The other problem with naively measuring the frame duration is that you'll get sub-millisecond-jitter because modern operating systems are neiter "hard realtime" nor "soft realtime", which in turn introduces micro-stutter because your game frames will be timed slightly differently than when your new frame shows up on screen (because of the fixed display refresh rate - unless of course a variable refresh rate is used like G-Sync).
This is also my main pet peeve on the web. You can't measure a precise frame duration (made much worse by Spectre/Meltdown mitigations), but you also can't query the display refresh rate.
In the 80's we took perfectly smooth scrolling and animations for granted, because most 80's home computers and game consoles were proper hard-realtime systems. Counter-intuitively this is harder to achieve on modern PCs that are many thousand times faster.
The last time I implemented a timing loop I came up with an approach that would mitigate jitter and oscillation artifacts occurring due to OS overhead (though not solving the aspect of video refresh itself being misaligned). One of my major assumptions was that I could run the game at higher frequency than refresh and therefore rely on downsampling my output, vs the norm of many higher-end games where the base tick is interpolated up to refresh rate.
1. Derive ideal number of elapsed frames using elapsed time from start divided by framerate.
2. Run updates to "catch up" to ideal frames.
3. Observe "rubberbanding" artifact as game oscillates between too slow and too fast.
4. Add limits to how many catchup frames are allowed per render frame to stop the rubberbanding. Implement a notion of "dropped frames" instead, so that our ideal time accounting has a release valve when too much catchup is needed.

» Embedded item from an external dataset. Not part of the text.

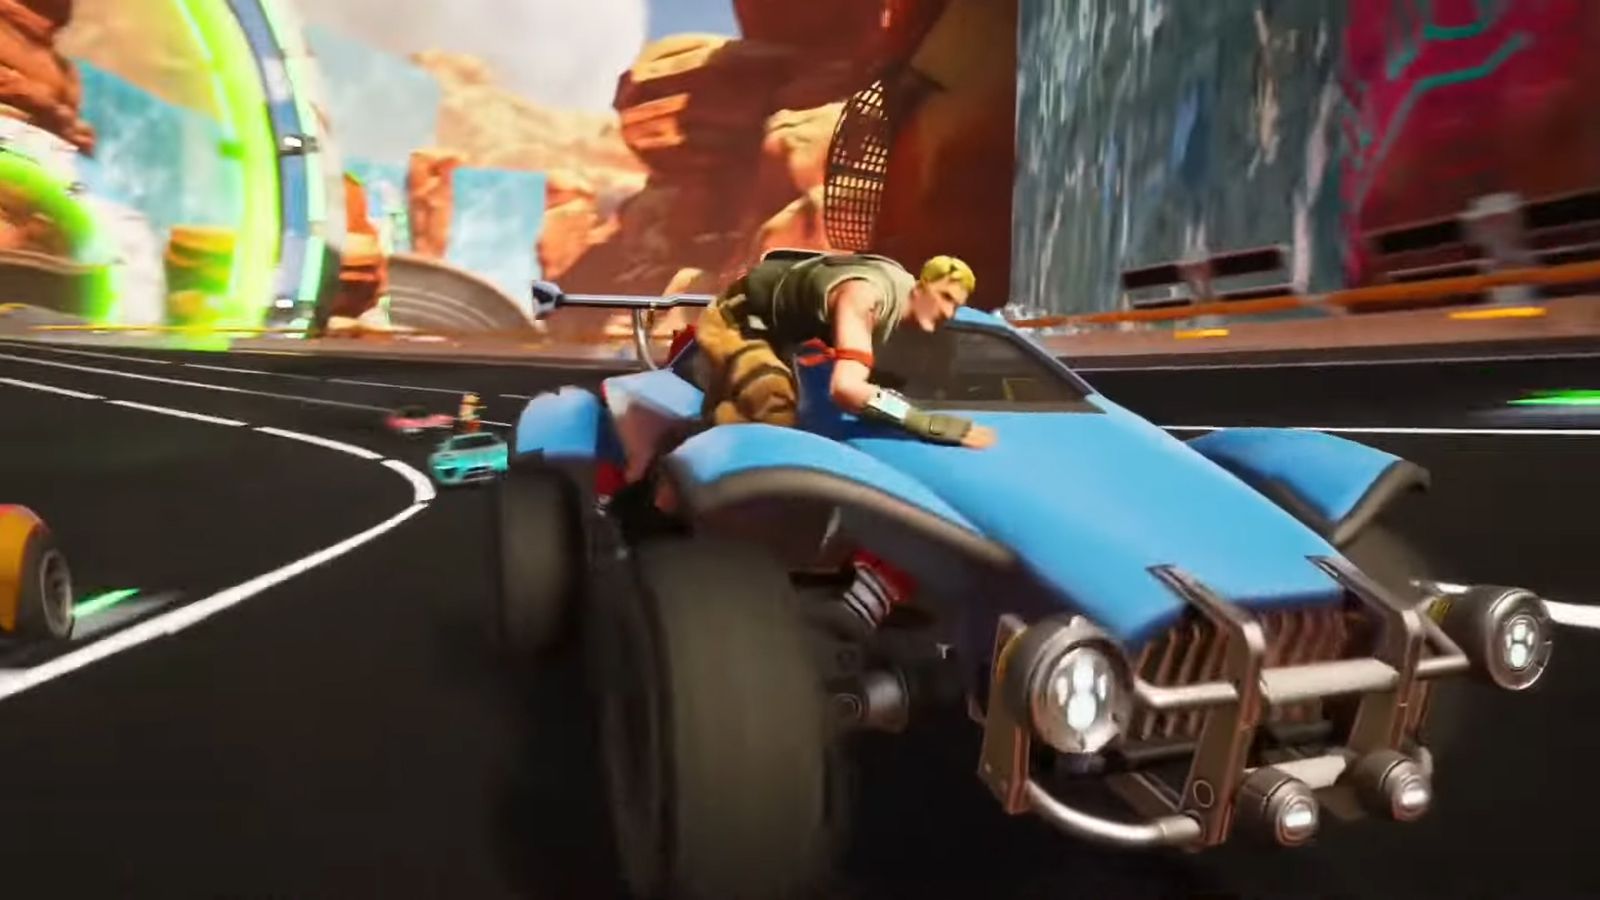 How to transfer cars from Rocket League to Rocket Racing

5. Now apply a low-pass filter to the amount of catchup frames over time, e.g. if you have a tick of 120hz but your monitor is at 60hz you are likely to see an occasional high frequency oscillation in how many tick frames are supplied per render frame, like [2,3,2,3,2,3]. Filtering can make this [2,2,2,3,3,3]. (It's been a while since I did this, so I don't recall my exact algorithm)
The end result of this effort is that wall-clock time is obeyed over the long-run(minus dropped frames) but the supplied frames are also able to maintain the same pacing for longer periods, which makes the moment-to-moment experience very predictable, hence smooth.
While I haven't tried it, I think the equivalent thing when interpolating would be to freeze a certain issued delta time pace for some number of frames.
I didn't have "real time" but did have an online (as in 1s/s) animation of telemetry data, and the product was such that "smoother than smooth" just meant we increased the maximum allowed charts until we were just back to "smooth". While adding a little latency helped from moment to moment, over a period of minutes you would see a pattern of stutters that was hard to ignore once you were aware of it.
Ultimately I had to fill the screen as best I could, if the paint happened ahead of the deadline I had to decide on painting ahead on the next couple of frames, or doing cleanup work. There was never enough time for both.
> In the 80's we took perfectly smooth scrolling and animations for granted, because most 80's home computers and game consoles were proper hard-realtime systems.
Proper hard realtime means the software is designed to meet stringent time deadlines. If a deadline is missed then the system has failed.
Soft real time means you tolerate missing one or more deadlines if the system is designed to handle it.
The 80's hardware only ran the game code so there was never any CPU contention. There was no kernel, scheduler, threads or processes. The programmers could wrap their heads round the simpler hardware and use all available tricks to optimize every clock tick to do useful work.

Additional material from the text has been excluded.